Local caching for Citrix Profile Management profile containers

Local caching support for Citrix Profile Management profile containers through the Enable local caching for profile containers policy. With the policy set to Enabled, each local profile serves as a local cache of its Citrix Profile Management profile container. If profile streaming is in use, locally cached files are created on demand. Otherwise, they are created during user logons. To use the local caching feature, put an entire user profile in its Citrix Profile Management profile container.

This feature is designed to cater for loss of network connectivity to the container store.

Multi-session write-back support for Citrix Profile Management profile containers

Previously, changes in sessions were written back only to FSLogix Profile Container with the relevant policy enabled. Starting with this release, Citrix renamed the Enable multi-session write-back for FSLogix Profile Container policy to Enable multi-session write-back for profile containers to accommodate multi-session write-back support for Citrix Profile Management profile containers.

Not even FSLogix can do this natively – two sessions writing back to the same profile at the same time…

Profile streaming for folders

With the Enable profile streaming for folders policy set to Enabled, folders are fetched only when they are being accessed. This approach eliminates the need to traverse all folders during user logons. To use this feature, you must also enable the Profile streaming policy.

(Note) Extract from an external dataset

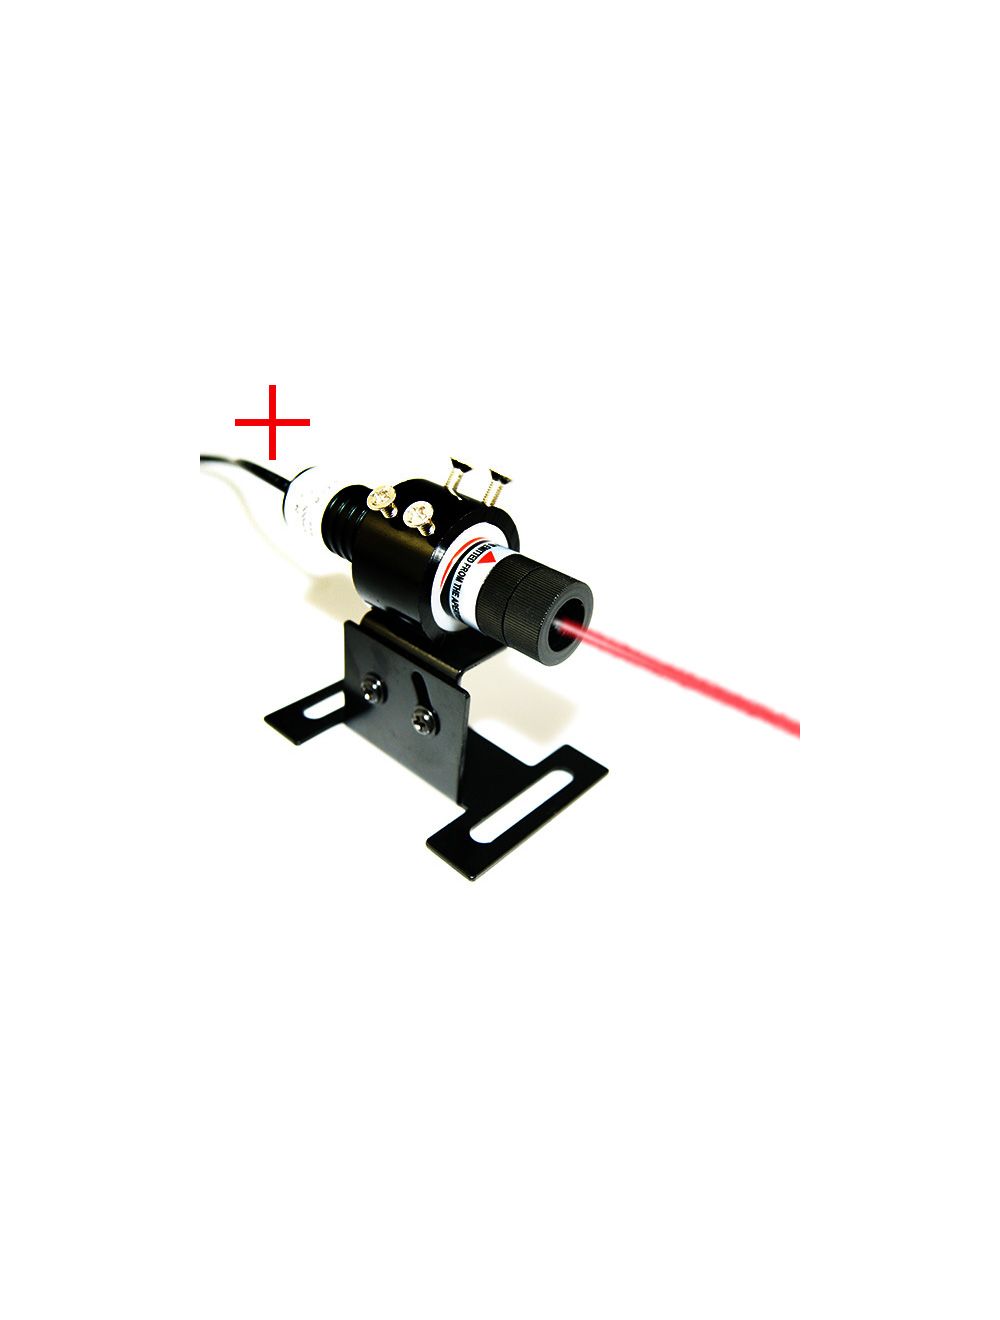 Focusable 635nm Red Line Laser Module, Red Laser Line Generator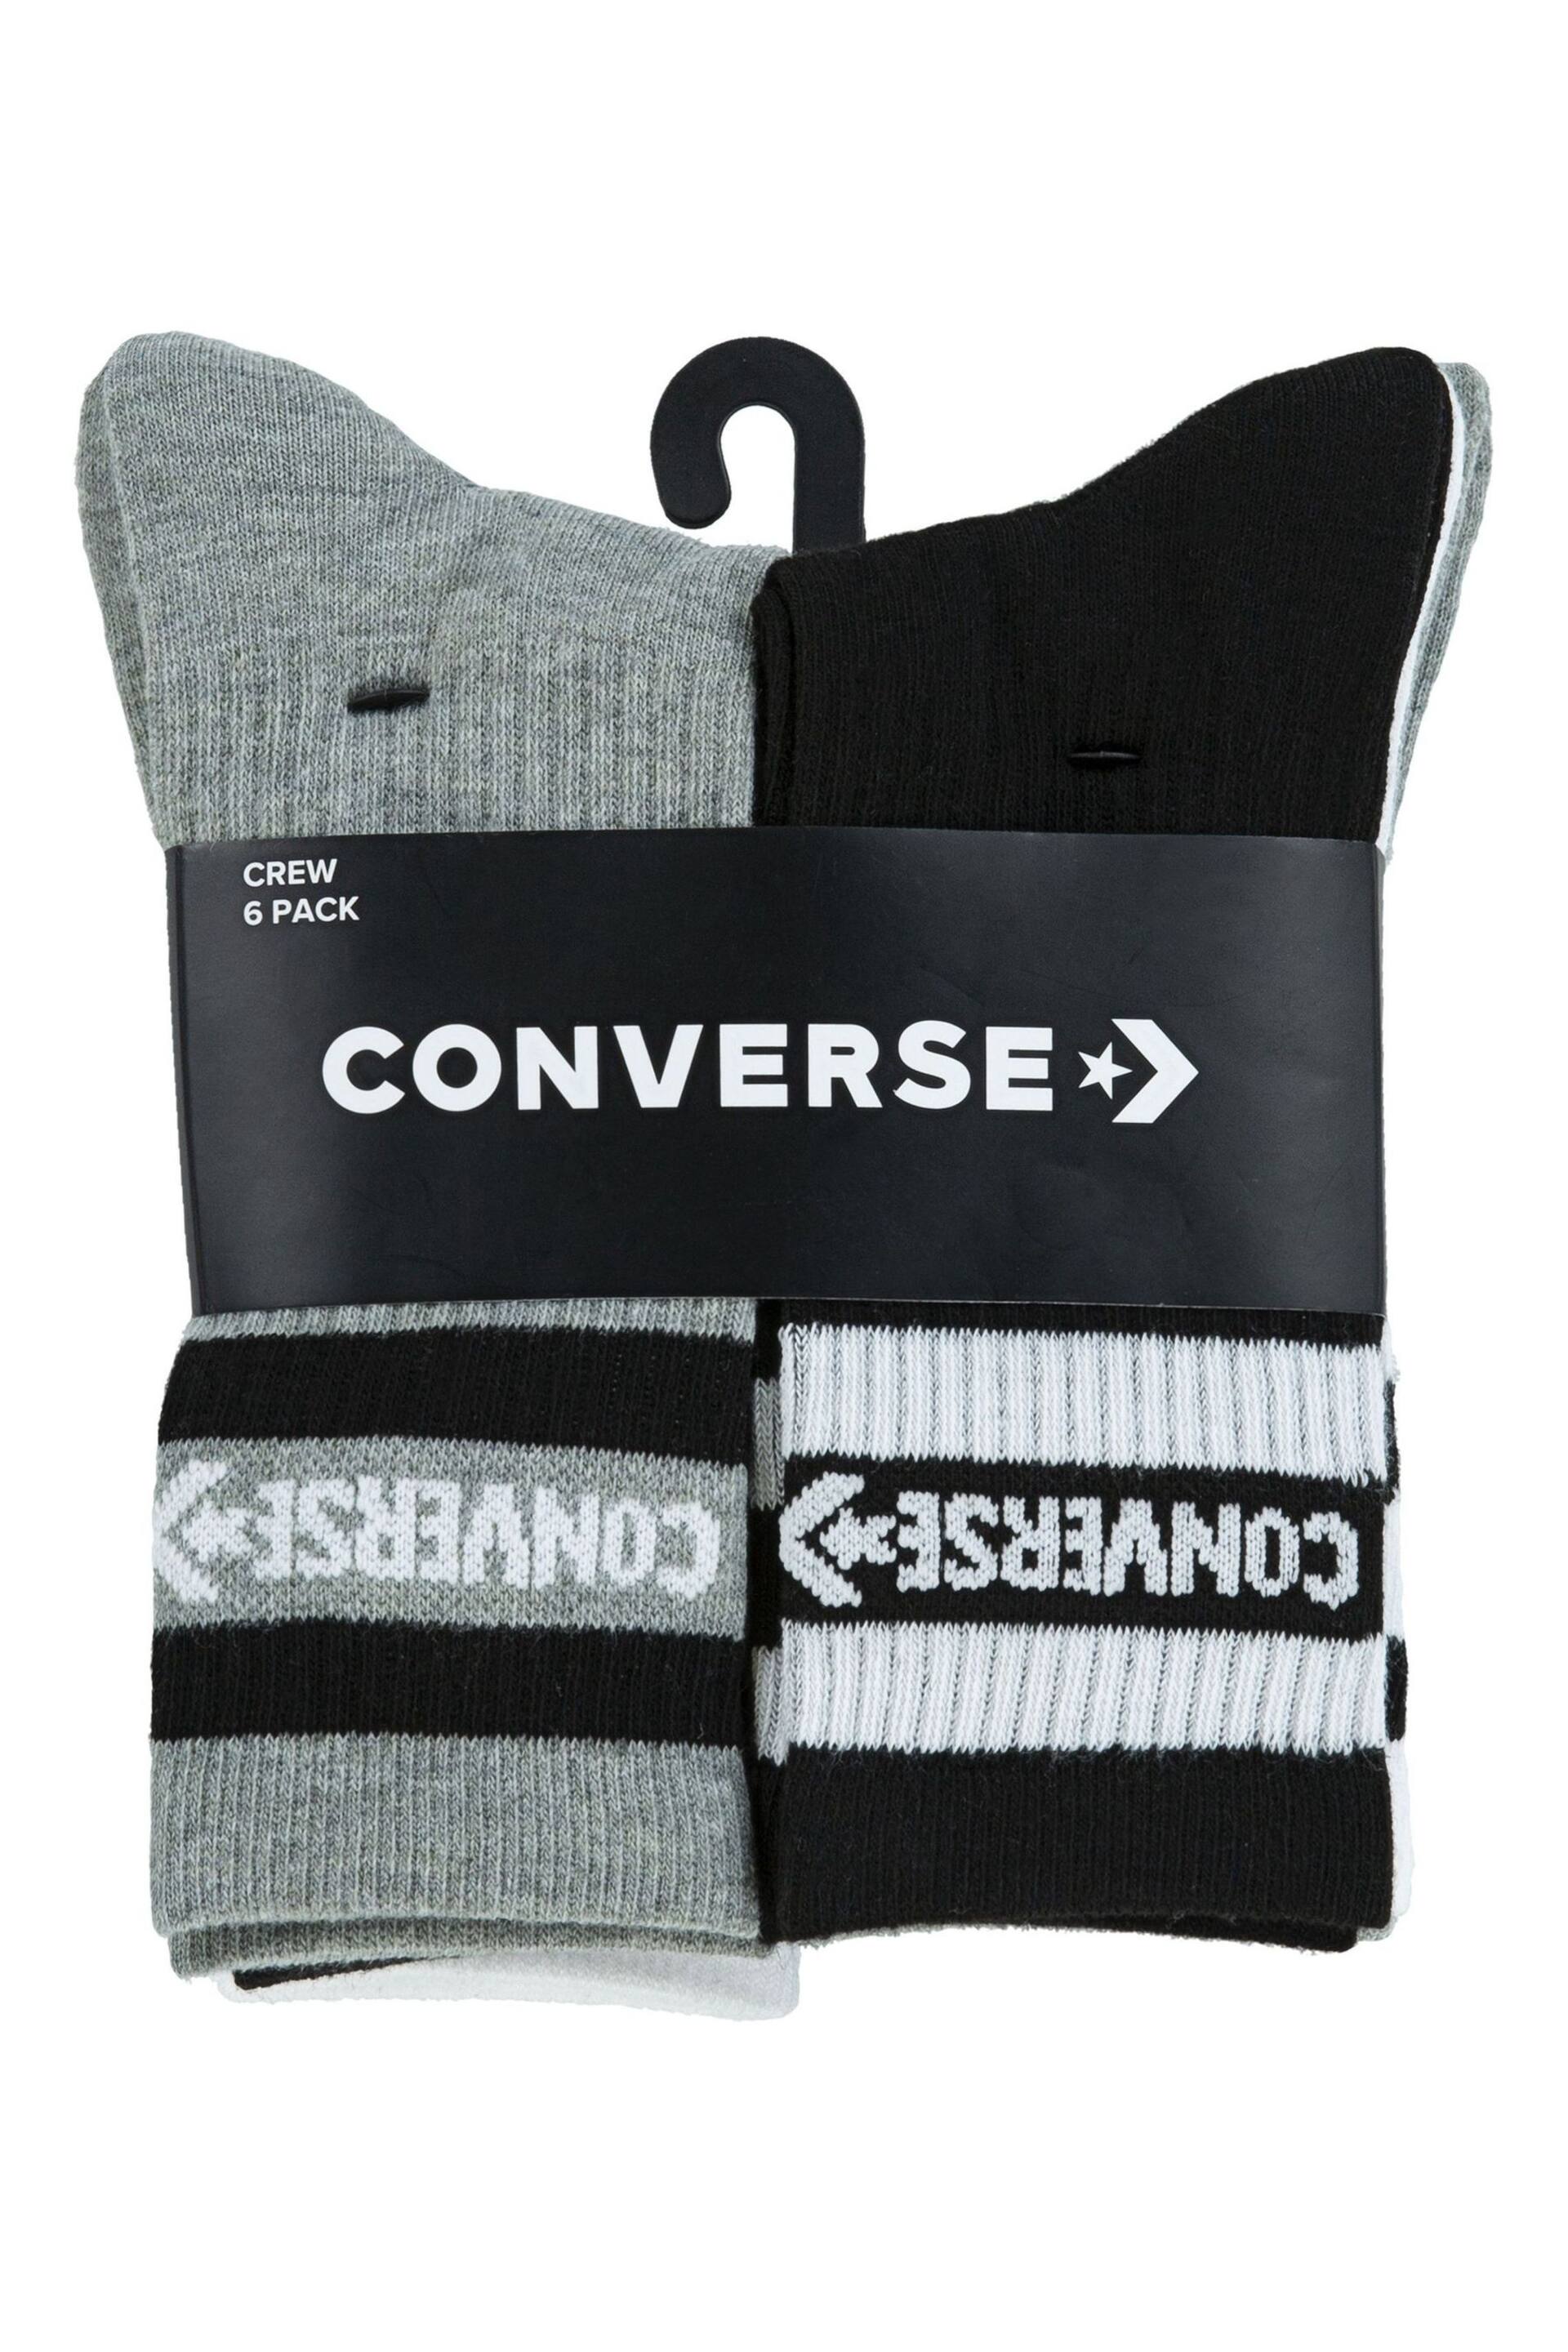 Converse Grey Crew Sock 6 Pack - Image 3 of 3

Improved experience with the Start menu

We have improved the experience with the Start menu on Windows Server 2016 and Windows Server 2019 through automatic configuration of the relevant policies as follows:

  • Citrix added Appdata\Local\Microsoft\Windows\Caches to Folders to Mirror
  • Citrix are ensuring that Appdata\Local\Packages is added to Exclusion list – directories
  • Citrix are ensuring that Appdata\Local\Microsoft\Windows\UsrClass.Dat* is added to Exclusion list – files

To disable automatic configuration, use the Disable automatic configuration policy

Version 2009

Profile container enhancements

Starting with this release, multiple concurrent sessions can access a profile container and you can put an entire user profile in its profile container. In addition, Profile Management now accesses the VHDX files in a user context and does not grant Domain Computers full control of the folder where the VHDX files are stored

Version 2003

Enable multi-session write-back for FSLogix Profile Container

Profile Management now provides a solution to save changes in multi-session scenarios for FSLogix Profile Container. If the same user launches multiple sessions on different machines, changes made in each session are synchronized and saved to FSLogix Profile Container.